Compositions for colouring or dyeing hair can be categorised into temporary, semi-temporary, semi-permanent, permanent and, more recently, the so-called demi-permanent products. Although these names try to describe the general longevity of the colour in terms of wash-out, there is considerable blurring of the categories depending upon the brand of hair colour purchased, the dyes used and the formulation of the carrier base. However, as a guide:                Temporary lasts only one wash        Semi-temporary lasts approximately 5 washes        Semi-permanent lasts approximately 10 washes        Demi-permanent last approximately 20 washes        Permanent is not washed out and lasts until the colour fades or grows out        
Other products on the market are sold as post-colour formulations and these claim to extend the life of the hair colour. These can be split into ‘colour maintenance’ products, normally shampoos, which are formulated to be mild and help reduce colour washout, and ‘re-tint’ products, which possess a low concentration of colour to reinforce the existing colour of the hair.

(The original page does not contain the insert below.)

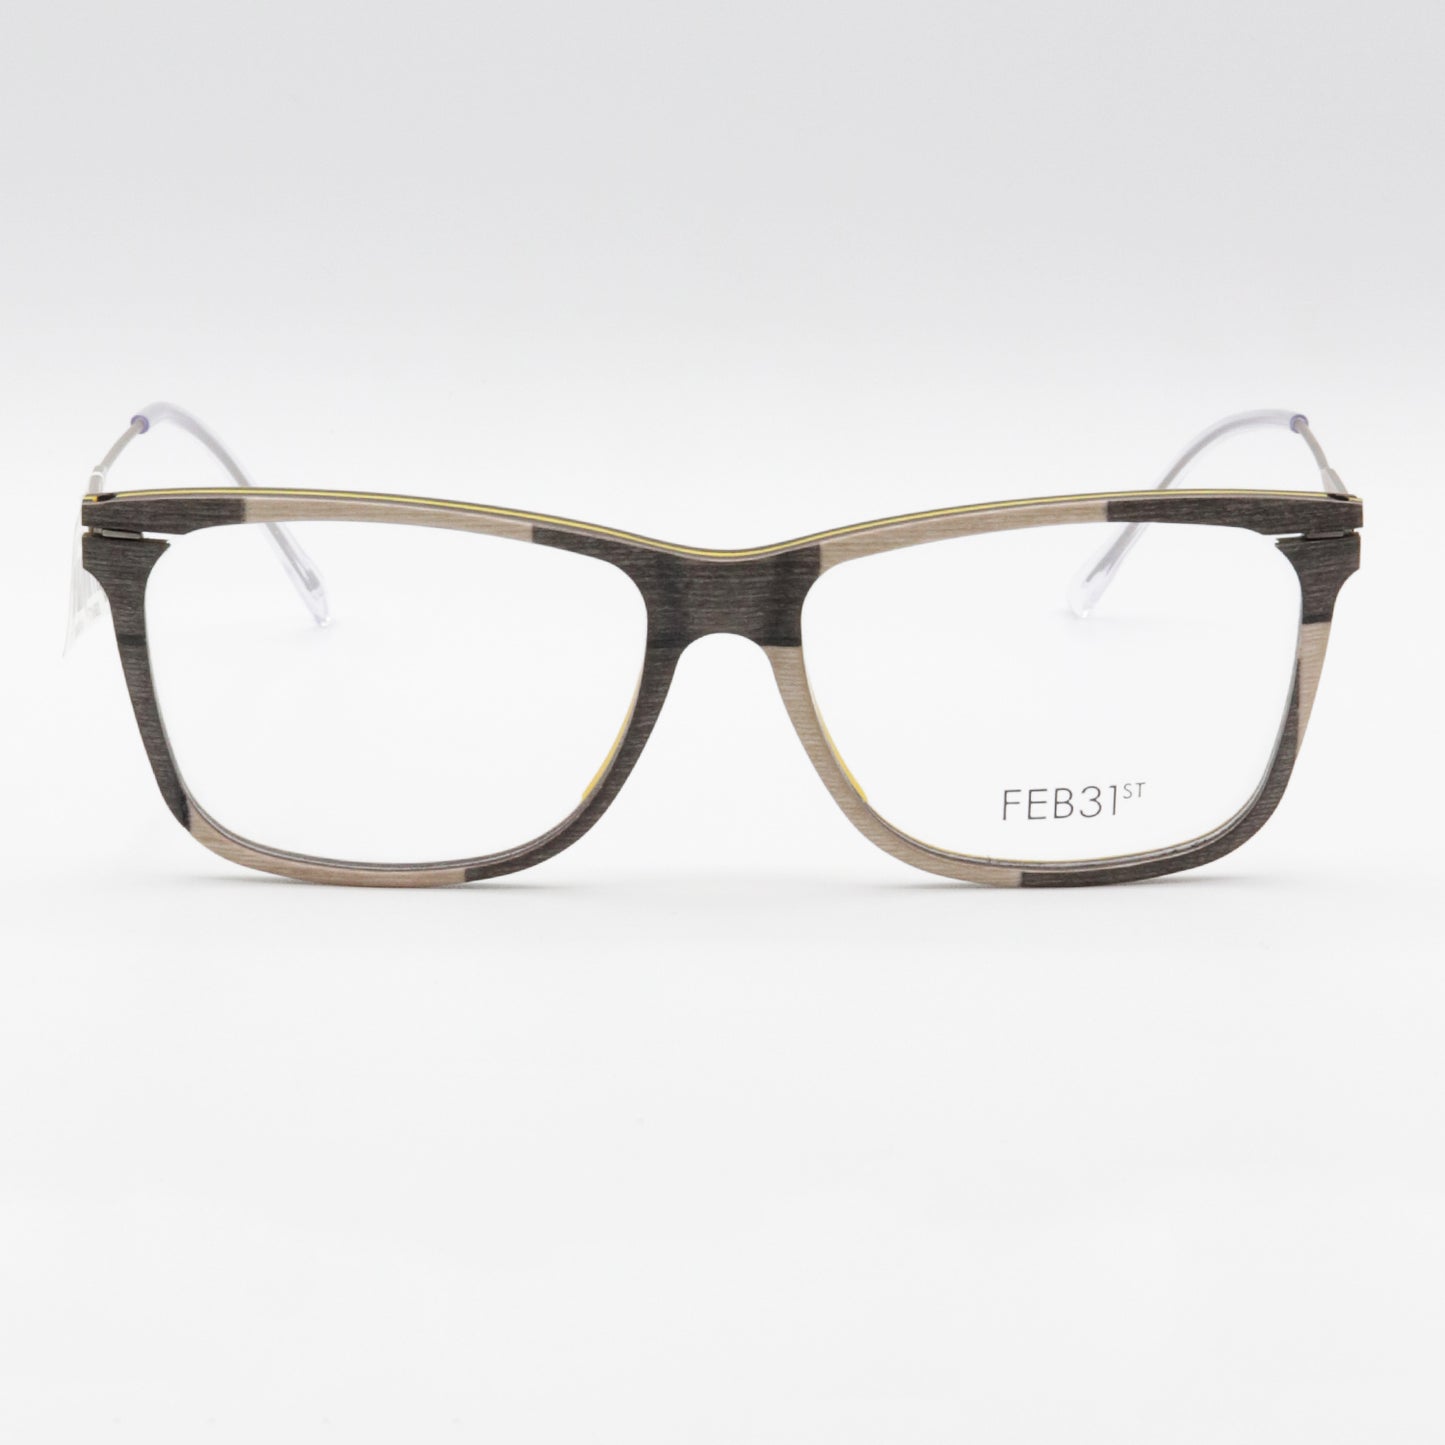 Marz by FEB31st wooden glasses Brown and Yellow

The chemistry of hair dyes differs greatly. Temporary and semi-temporary colours tend to be larger molecules that are unable to penetrate the hair shaft and so reside on the hair surface. This makes them easy to remove with washing. Semi-permanent, demi-permanent and permanent colours are smaller molecules, which are able to penetrate the hair shaft, making them more resistant to hair washing.
The following list is a guide to the types of dye often found in the particular category of hair product. It should be noted that many commercially available products contain combinations of dye types:                Temporary hair colours include food or vegetable dyes or their insoluble lakes (pigments). Here, the colouring formulation normally contains fixatives such as resins to hold the colour onto the hair. These are easily removed with shampoo.        Semi-temporary dyes are cationic in charge. The cationic charge allows them to bind to the hair surface and makes them more resistant to washing.        Semi-permanent dyes are normally small, nitro-dyes, which are able to penetrate the hair shaft. This makes them less readily removed with washing.        Permanent dyes (and couplers) are themselves colourless precursors called oxidation dyes. These precursors, in the presence of peroxide, undergo a chemical reaction to produce coloured compounds of varying degrees of polymerisation. Penetration of the colourless precursors into the hair fibre can be ‘encouraged’ by the use of an alkali, such as ammonia, which causes the hair shaft to swell and become more porous. Once within the hair fibre, the small colourless precursors polymerize to form the larger coloured compounds. These are then trapped within the hair fibre by their physical size.        Demi-permanent colours use similar, colourless, precursors to the permanent colours. However, the use of different coupling agents restricts polymerization to the formation of smaller coloured compounds. These smaller compounds are more easily washed out of the hair. Also, the reduction or elimination of ammonia from the formulation helps to limit the penetration of the precursors.        
Many products contain a combination of different dye types. For example, some semi-temporary dyes are mixed with the semi-permanent dyes to produce more natural looking shades. The demi-permanent and permanent products can provide a wide variety of colours even on dark hair because the natural hair colour is bleached during the process. The use of the temporary, semi-temporary and semi-permanent colours are dependent upon the individual's natural hair colour; a dark haired person cannot become blond.
The reason for the recent popularity in demi-permanent colouration comes from the desire to produce a more natural look and reduce damage to the hair. Demi-permanent colouring is also used to boost an old, fading, permanent colour.
Semi-temporary or semi-permanent products are used to tint the hair. A growing market for these colours is also in masking gray hair. This is because these types of colours effect the lighter (white) hairs more than the darker hairs, helping to provide a more natural look. However, as described above, such products do not last very long.